Cdn study pinpoints genes that predict bone marrow 'dangerous donors'

Canadian researchers believe they have come up with a way to predict whether transplants from specific bone marrow donors are likely to trigger rejection an advance that could help doctors weed out so-called "dangerous donors" and cut back on immune suppressant drugs for some transplant recipients.

If corroborated, their findings could lower the risk of graft-versus-host disease for bone marrow recipients. They could eventually also help predict which recipients will reject transplanted kidneys, livers and other solid organs, allowing doctors to tailor post-transplant drug regimes according to the recipient's risk.

"I think it would become a routine test," senior author Dr. Claude Perreault said Monday of the finding's applicability for bone marrow transplants. "It would be easy and cheap."

The study was published in Tuesday'sissue of the journal Public Library of Science Medicine.

The thinking on transplants has been that when a person gets a solid organ transplant a donated kidney or a portion of a liver the recipient's immune system must be suppressed for life in order to ensure that it does not turn against and destroy what it would see as a foreign organ.

With bone marrow, doctors are essentially transplanting the donor's immune system produced in the marrow into the recipient. And it is that donated immune system that turns against the recipient. If that process is not checked by immune suppressing drugs, potentially fatal graft-versus-host disease develops.

However, early attempts to transplant bone marrow showed that about 25 per cent of recipients didn't develop graft-versus-host disease, even though they were not put on a regime of immunosuppressant drugs.

Rejection clue

Perreault, with the Institute of Research in Immunology and Cancer at the University of Montreal,and his colleagues tried to figure out if following that clue could lead them to a way to differentiate which donors were likely to induce graft-versus-host diseaseand which weren't.

Dr. Fred Appelbaum, director of the clinical research division of the Fred Hutchinson Cancer Research Center in Seattle, Wash., said a variety of researchers had been trying to puzzle out why, even among well-matched donors and recipients, the risk of graft-versus-host disease varies.

"His [Perreault's] approach was to try and figure out: Is there a way that we can do a global assessment, that we take into account all the genes and their impact on cells?" said Appelbaum, who was not involved in this study.

Immune patterns

The Montreal team analyzed the workings of 19,000 genes from 50 bone marrow donors, looking for discernible patterns of over- or under-production of important immune system proteins. They found that by looking at the activities of 17 genes, they could identify dangerous and non-dangerous donors.

Perreault said the group will now test the theory in a larger group of donors, to see if their tool really works. The gene activities of several hundred donors will be studied for this follow-up research.

Appelbaum said if corroborated, the work will provide an important predictive tool for doctors planning bone marrow transplants and treating recipients after the procedure.

"In those cases where you have multiple donors, you could use it to select one donor over another," he said. "In those cases where you don't have that option you might be able to use it to fine tune the amount of immune suppression you give [recipients]."

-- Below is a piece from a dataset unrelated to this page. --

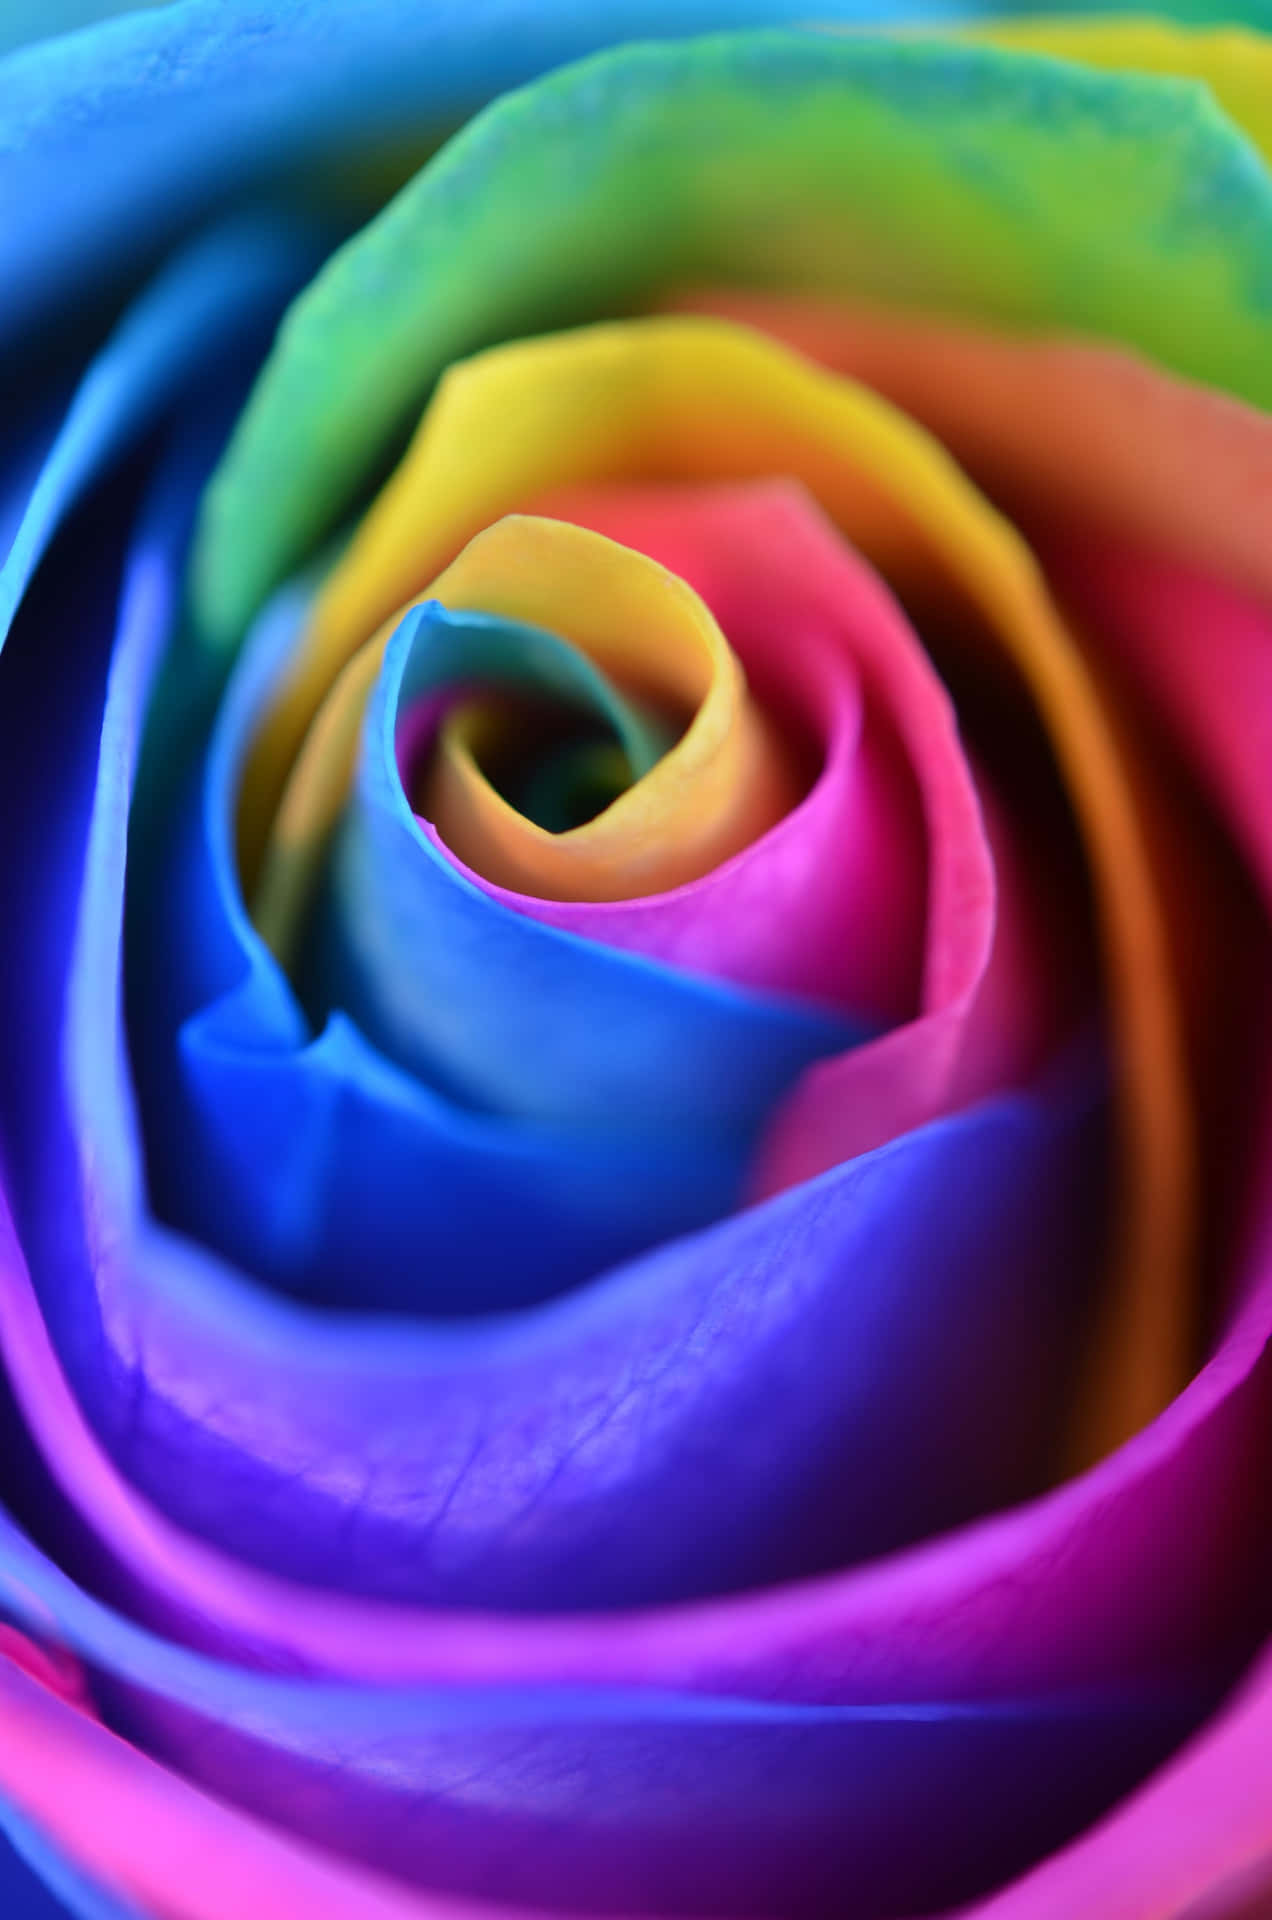 Rainbow Flower Iphone Background

"So that if someone is a dangerous donor, you'd use higher doses of post-transplant immune suppression and if someone appears to be a safe donor, you might be able to more rapidly taper the immune suppression so that they're at less risk of development of infections and other complications."

And if the solid organ rejection can be predicted in the same manner, in the future, recipients of donated livers and kidneys would be tested to see whether they are likely to reject, and their drug regimes would be set accordingly.

The research was funded by Genome Quebec, Genome Canada, the Dana Foundation and the Health Research Fund of Quebec.